I think that there's a lot of stuff still wrong with me. I also realize that was a total subject change. Oh well. I think that I have plenty to figure out with myself still and that mentally, there's still some stuff wrong with me. Really. I know a lot of you don't see it, but I do. I know my feelings and problems are still there, hiding themselves in crevices and waiting to come out. They wait a good while too. Long enough for me to start thinking I'm done, I've got no problems anymore. But they never go away. Will they ever? I truly wonder. I truly truly wonder. Will my problems ever go away? Man do I hope so...

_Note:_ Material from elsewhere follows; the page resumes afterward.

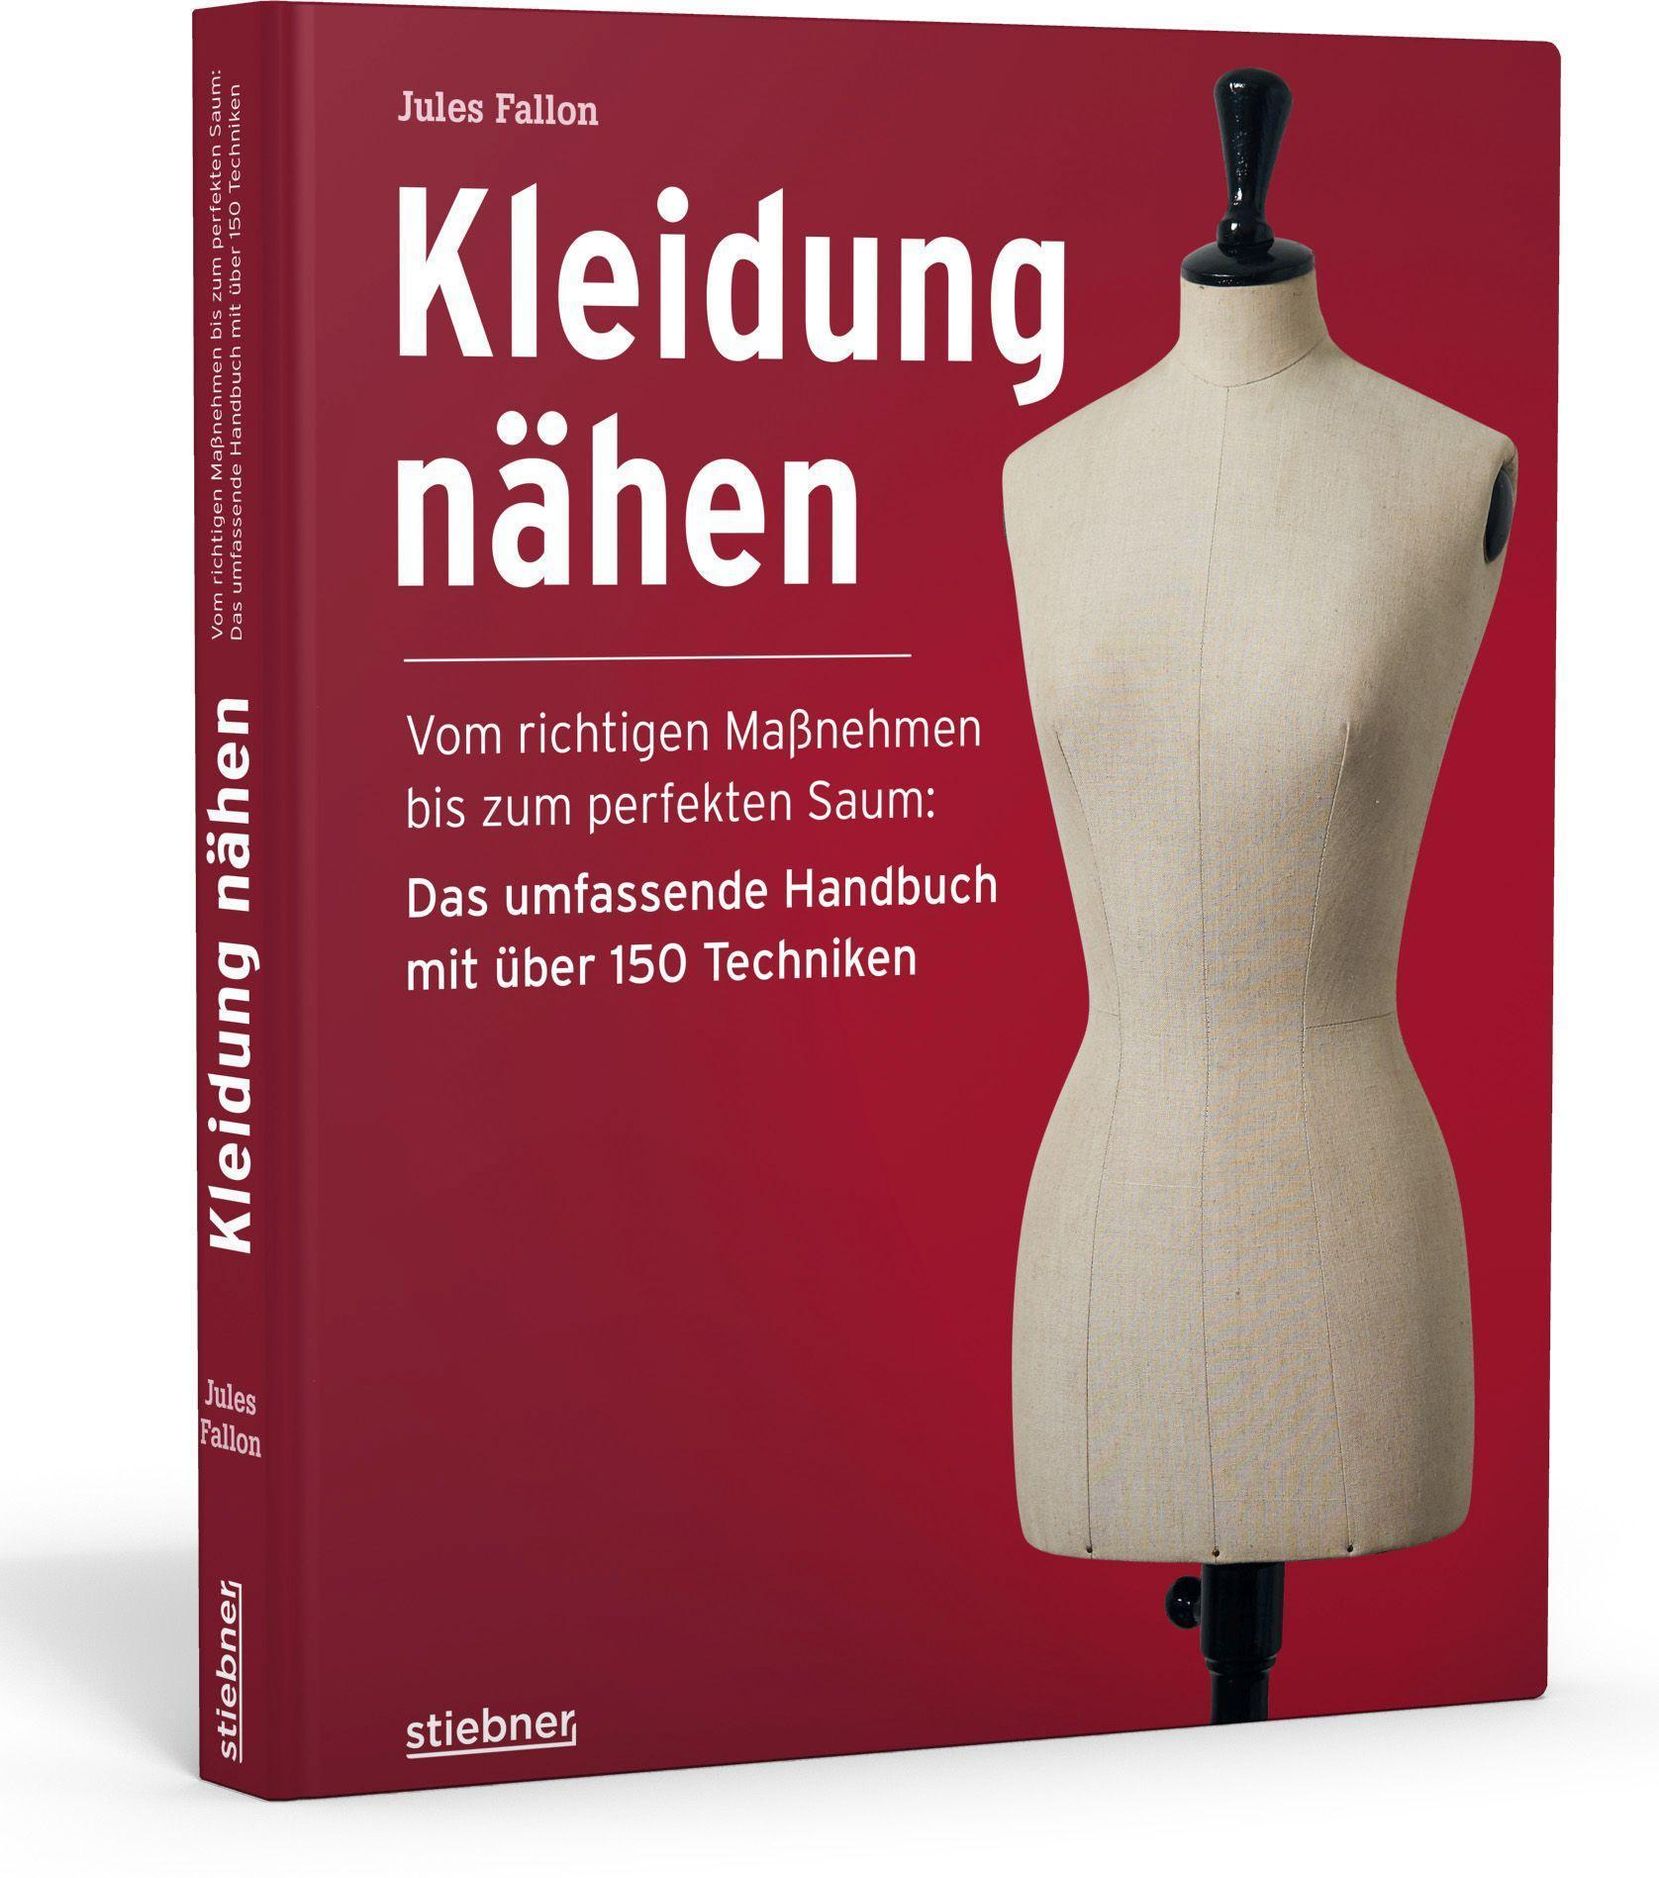 Kleidung Nähen. Vom richtigen Maßnehmen bis zum perfekten Saum: Das  umfassende Handbuch mit über 150 Techniken.

Look, maybe I just need to get some sleep. Maybe I'll feel better in the morning. Maybe this cramp in my leg'll be gone and I'll be thinking less, or none, about what I am right now. And maybe...man, I lost my train of thought. I really am starting to get tired. Ok, I'm gonna head to bed. Though, I'm really hungry. Maybe I'll eat some pudding or Chex Mix or something. But yeah, lemme post this before I fall asleep with it up. Cause then I'll never post it. I'll wake up the next morning (or later today, whatever) and be like, I wrote this? But I don't feel that way anymore, so lemme not post it. Nah, I don't want to do that. I want to post this cause I took too frickin long writing it. And I'm getting hungrier by the second. I feel like my stomach's eating itself. Alright, good night people. Unless you're already asleep. Like sane people. And non-teenagers/college students/people who work the graveyard shift (I'm sorry for you people!).
Wait, must be cause I'm getting tired, but I don't think those last few sentences make sense. Let's see, I said goodnight people. Then unless you're asleep. Then, like sane people. Then I named a bunch of people who wouldn't be asleep right now. Yeah... Definitely doesn't make sense. Oh well, don't fee like fixing it. Time to post! Again, goodnight.